As with LINC, we use the term anonymization in the strong sense. Diffix provides strong anonymization in that it is extremely unlikely that an analyst can isolate or identify individuals in the data even with substantial external knowledge.
What LINC Did
The taxi database contains one entry per ride. Each entry gives the start and end times and locations for the ride. The use cases that LINC focused on use this data. The taxi database, however, contains a lot of other information: the taxi identifier, the driver identifier, the fare and tip amounts, the taxi vendor, and the number of passengers.
The use case for LINC was to determine if additional new transportation services are needed.

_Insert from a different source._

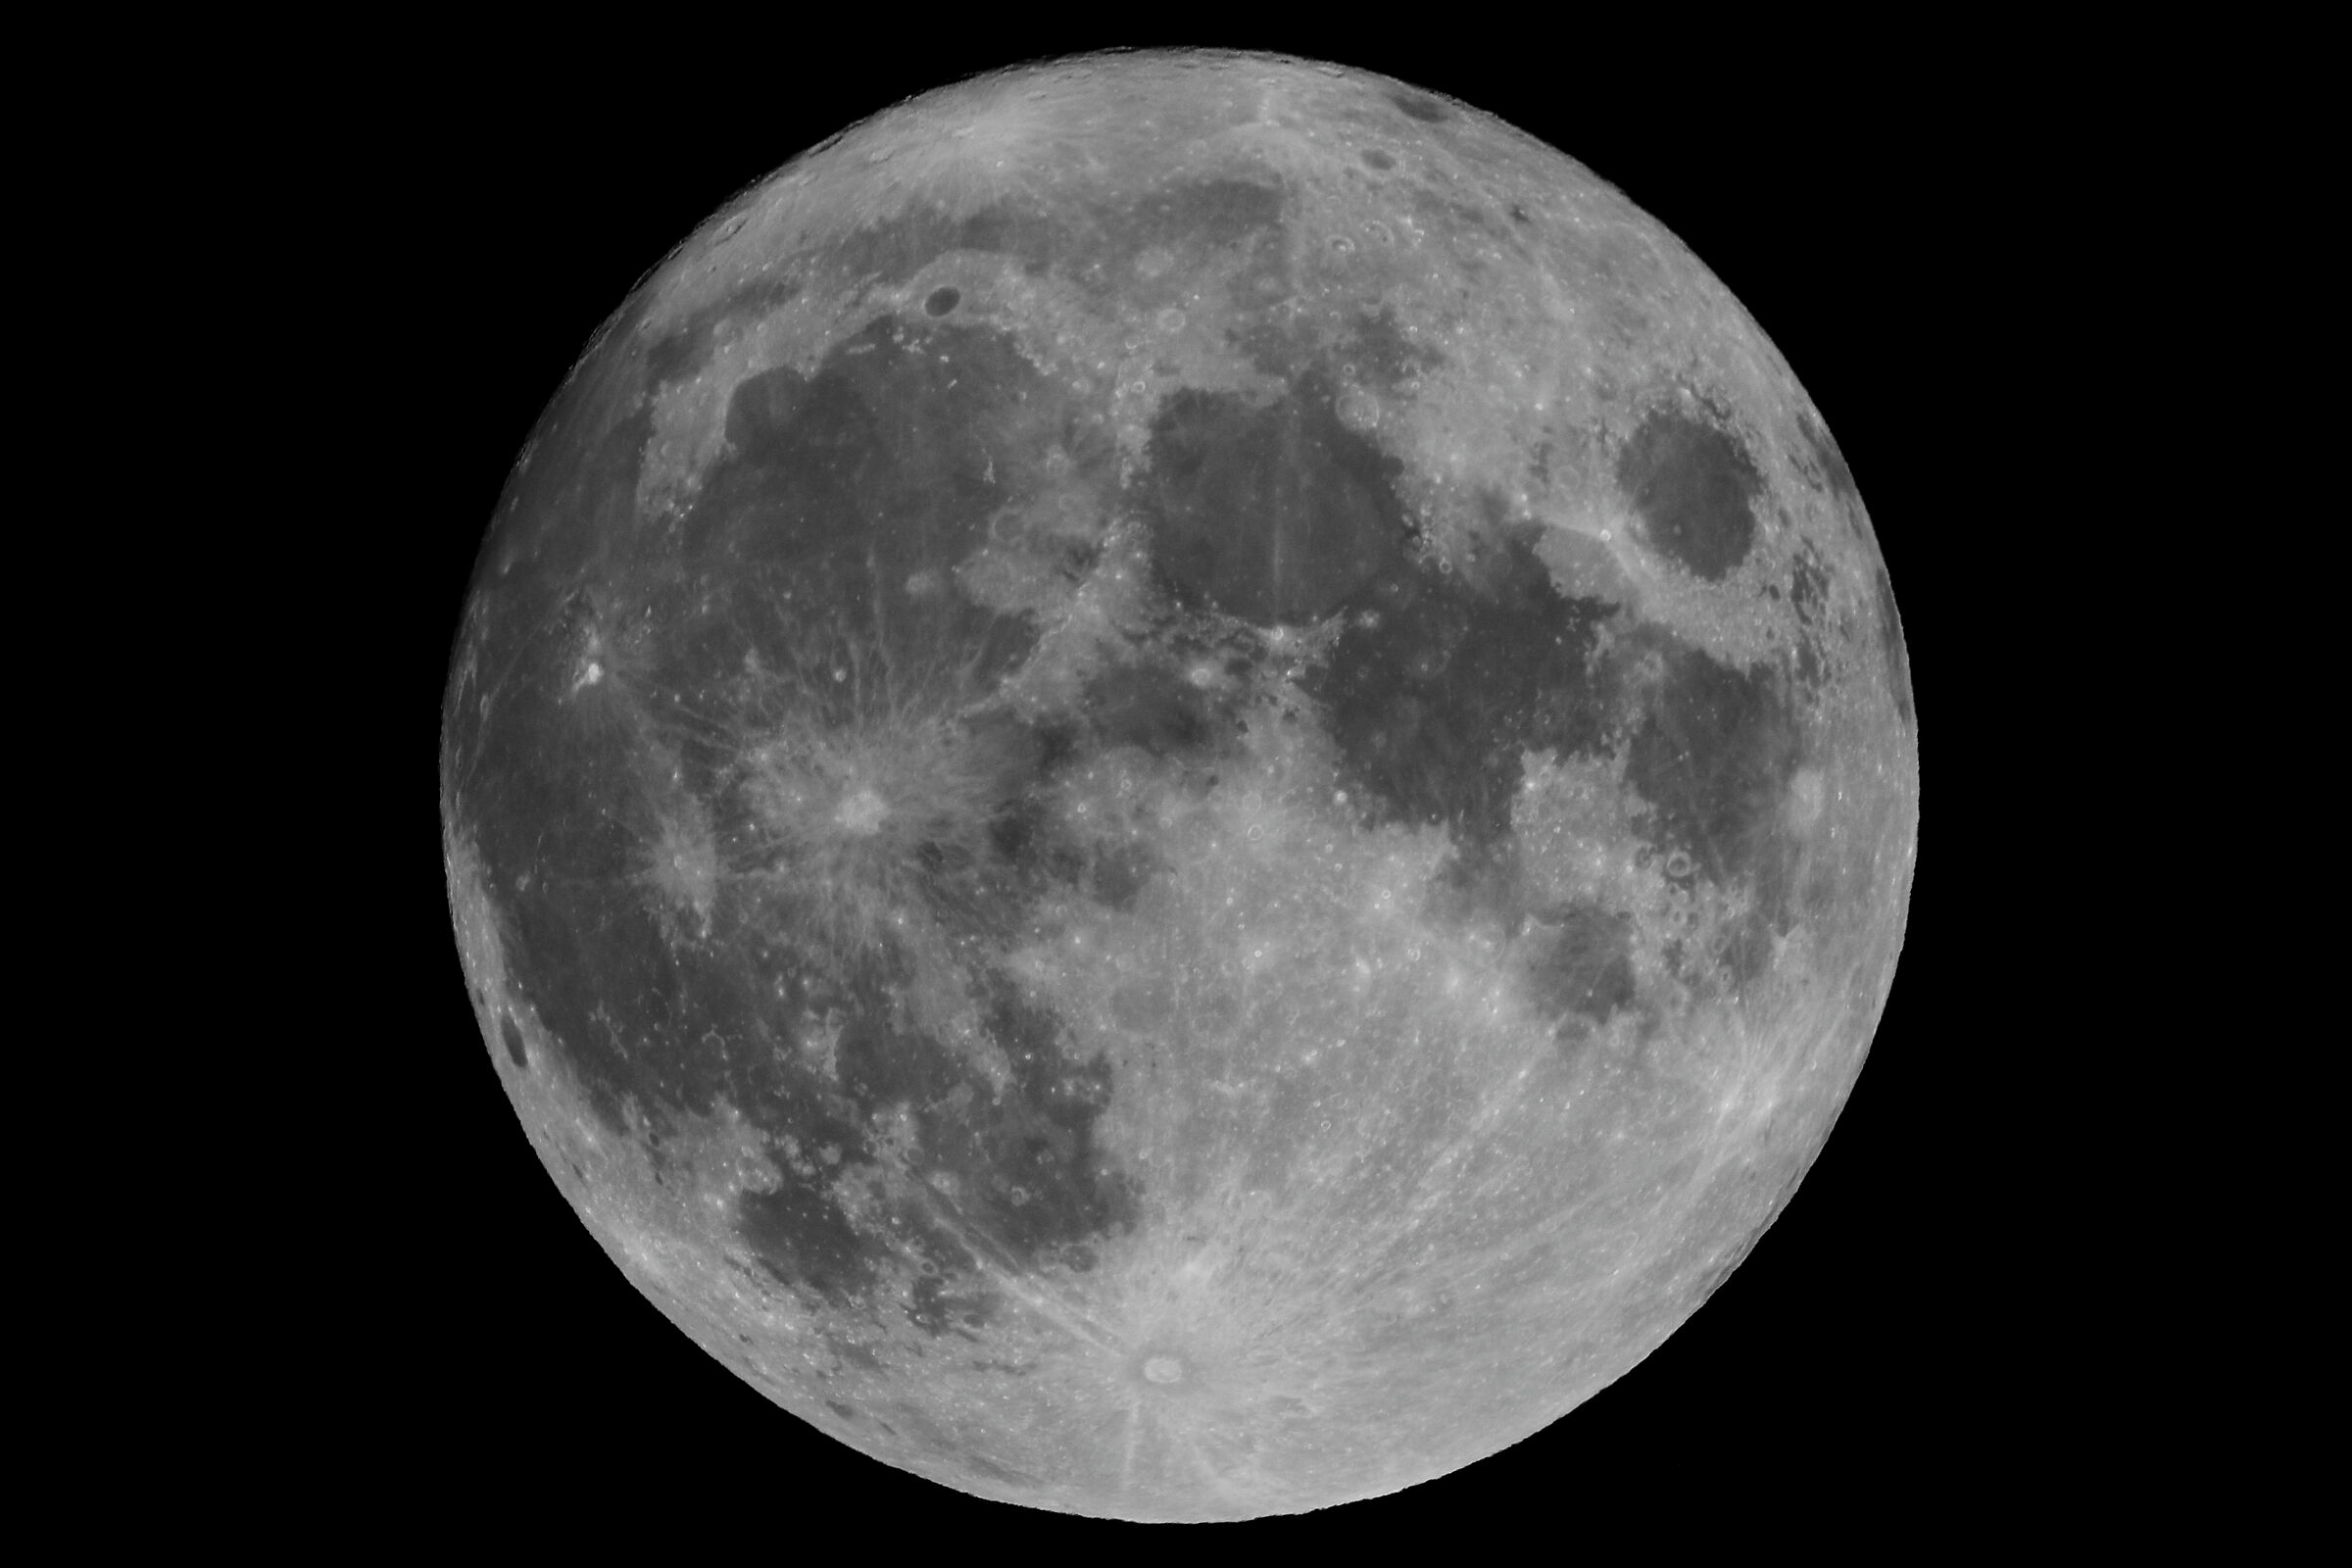 Tonight's moon (September 20, 2021 at 9 pm)...

For this use case LINC decided that data at the location granularity of ZIP Code Tabulation Areas (ZCTA, roughly corresponds to US zip code areas) and time granularity of 30 minutes would suffice. To ensure anonymization, data for ZCTA’s with fewer than 10 taxis per time window was removed. This amounts to K-anonymization with K=10. This anonymization can be visualized as a heatmap, as shown in the left hand image below (taken from the LINC article). In comparison the right image shows a scatterplot of pickup locations as anonymized using Diffix.
LINC takes a classic approach to anonymization — customize the anonymization to satisfy a specific use case. In this case, LINC did not need data about payments, taxi drivers, trip lengths, and so on, so that data could be thrown out. Had that data been needed, then LINC might have taken a different approach to anonymization, and may not even have been able to anonymize the data adequately.
What Diffix Does
Diffix is a system that is deployed in front of a database containing raw (non-anonymized) data. Diffix intercepts SQL queries made to the database, and anonymizes the answers by placing limitations on the SQL and by adding noise. The database may be a relational database or a NoSQL datastore. This query-by-query approach has two advantages. First, Diffix applies only as much noise as is needed for each query, thus minimizing data distortion. Second, Diffix eliminates the need to manually design an anonymization scheme to fit the use case. In essence, Diffix regards each query as a separate use case, and anonymizes appropriately.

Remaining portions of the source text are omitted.